We were excited to learn that adult education might return in the East Hampton School District. At a meeting this week, the board of education spoke about how the once-popular evening classes could resume — offering choices among languages, the arts, and life and practical skills.
According to a board member who spoke at Tuesday’s meeting, the program had been dropped when it began to compete with local businesses offering similar services, such as fitness classes, but there was more to it than that. In 2012, facing the state’s 2-percent tax increase limit, the longtime director of the district’s adult education program was out of a job and the options reduced in number.

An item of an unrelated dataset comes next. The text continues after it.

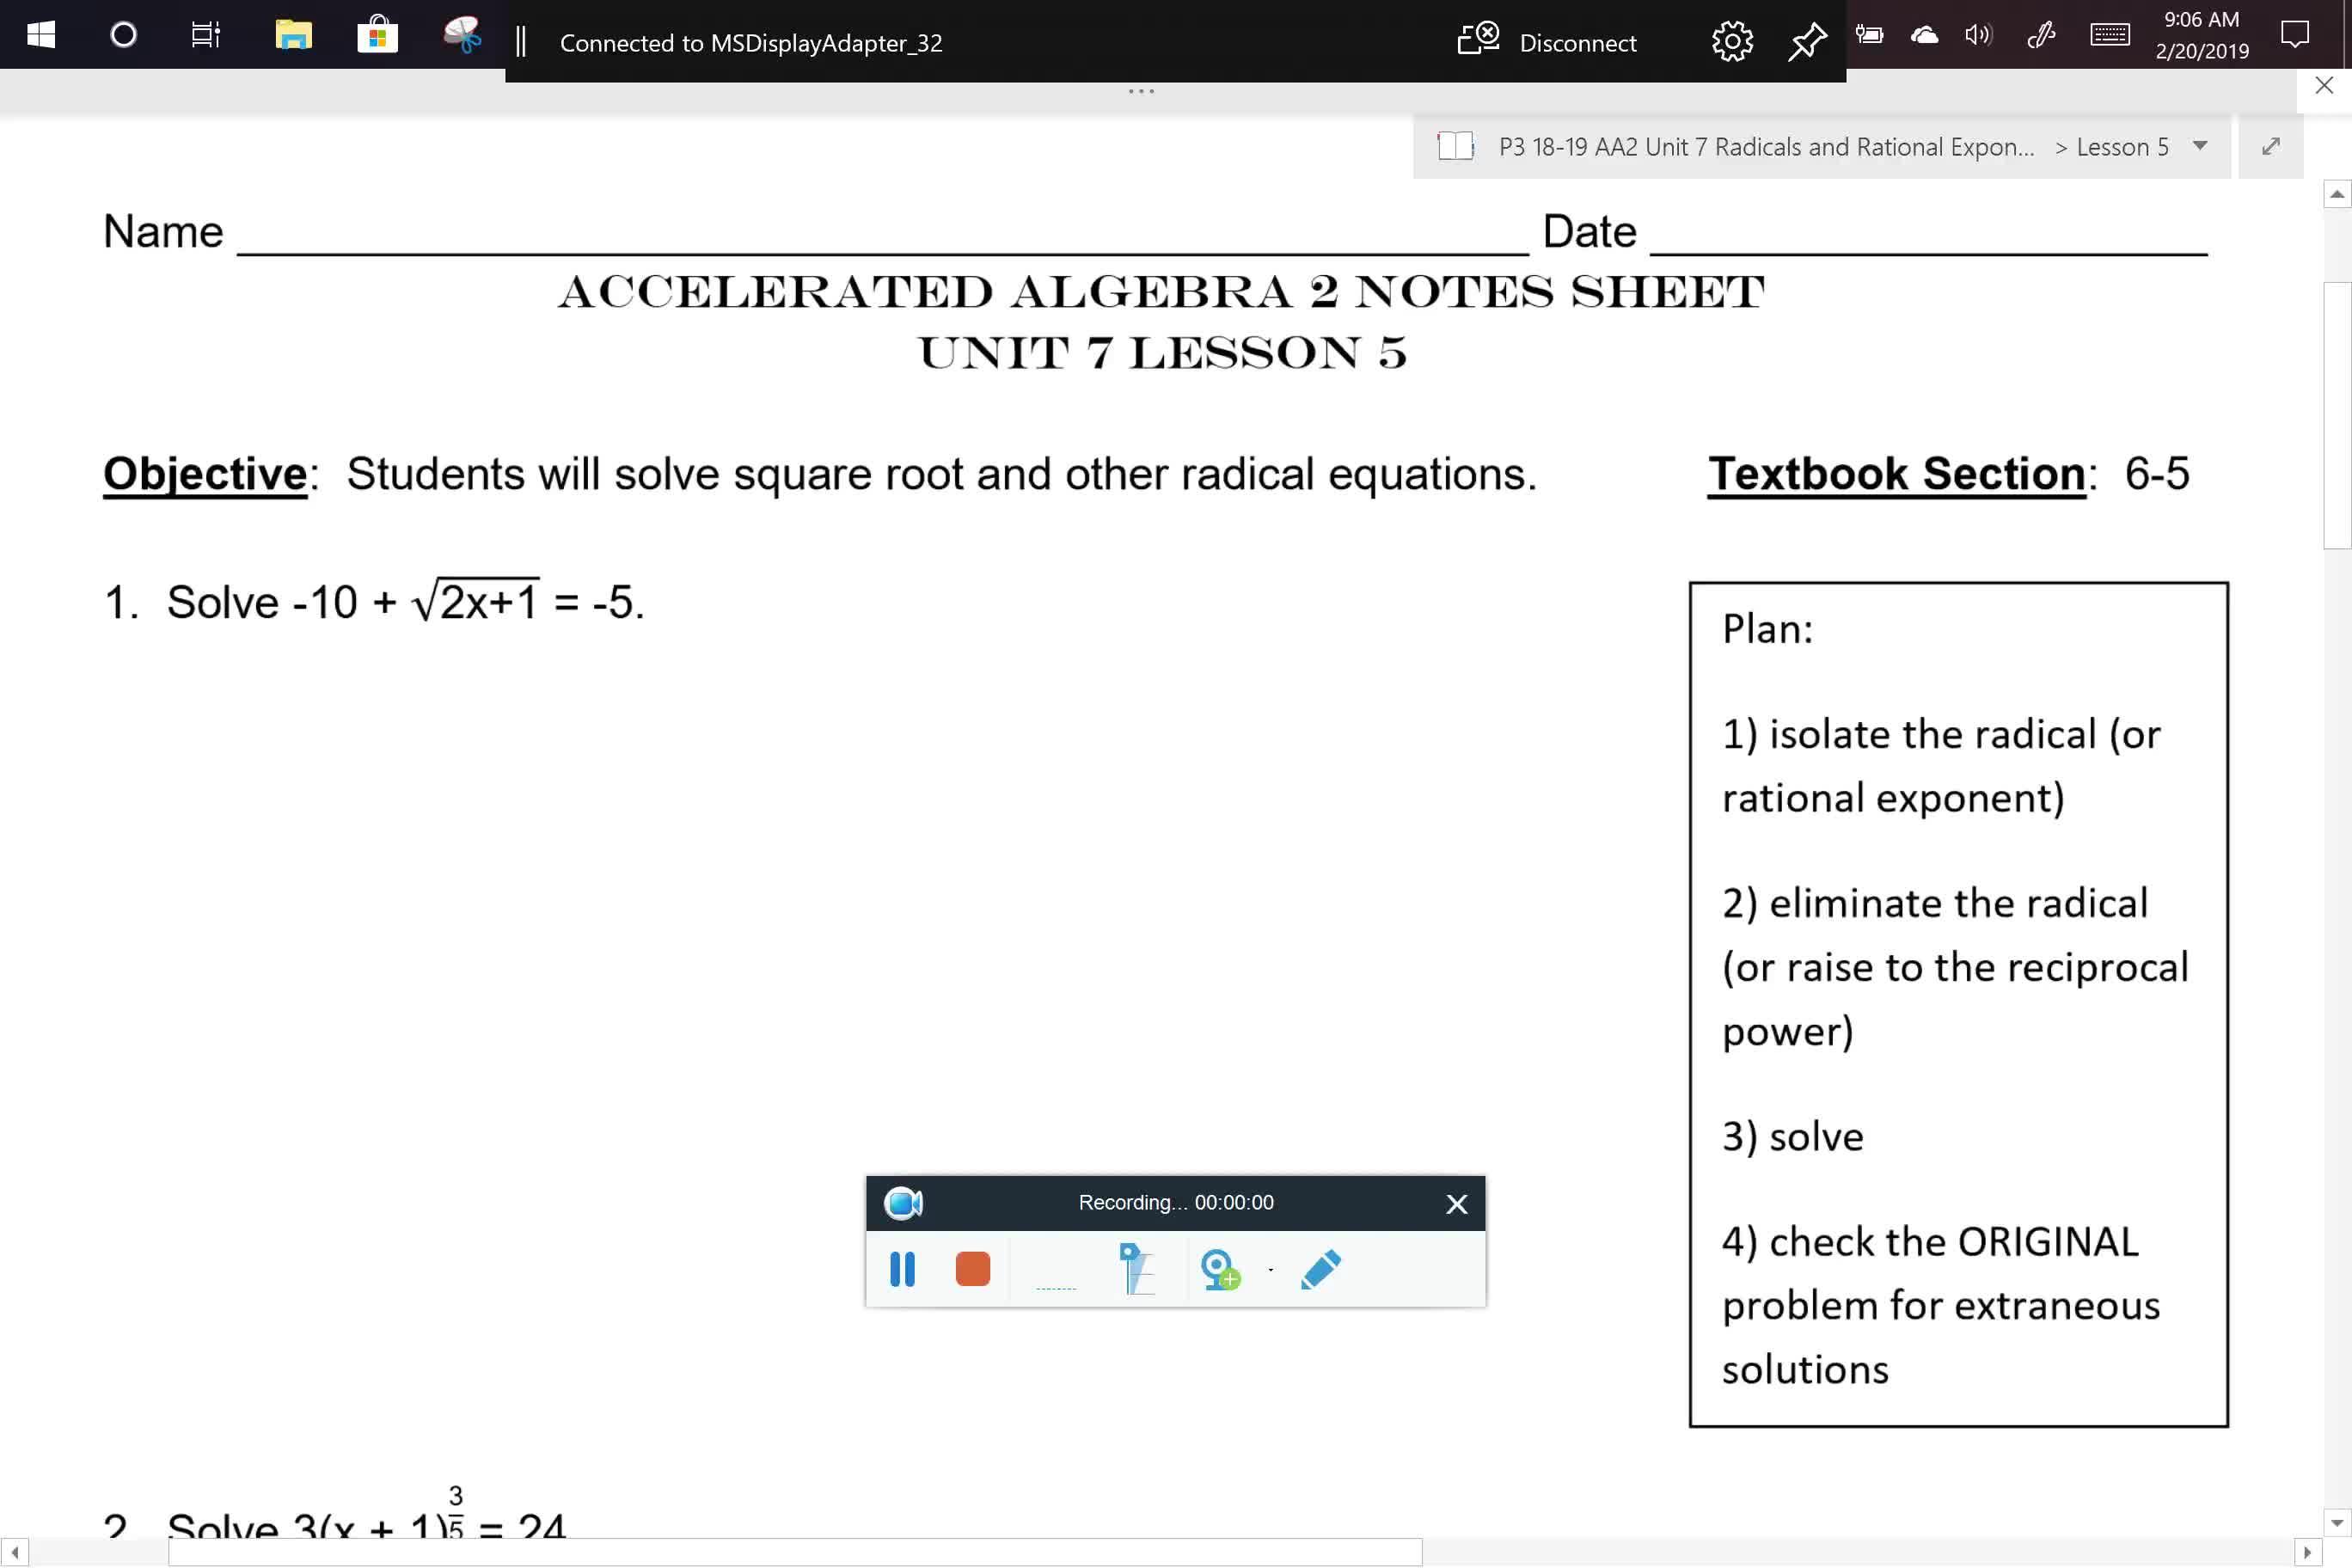 AA2 U7L5 Notes

In its heyday, adult education here included eight-to-10-session programs as varied as cake decorating or fencing — all taught by people from the community. The Star’s Marvin Kuhn taught bicycle repair, for example, in the middle school shop classroom. Our own food writer, Laura Donnelly, at the time the Maidstone Inn pastry chef, gave instruction in classic French cooking. Ed Hannibal, the award-winning author of five novels, led a fiction workshop. Agnes Bristel headed up ballroom and swing dancing sessions. Prices, which before adult education was shuttered were mostly less than $100, were affordable.
Our culture is in the midst of a massive do-it-yourself movement that began even before the pandemic turned us into a nation of home sourdough bread bakers. But there is only so far one can go watching how-to videos on YouTube. Interacting with others, as student or teacher, can help bring skills to new levels — and strengthen community ties in an era when more and more we exist in our own personal digital universes. The time feels right again to share what we know, and the East Hampton School Board is to be thanked for putting adult education back on the agenda.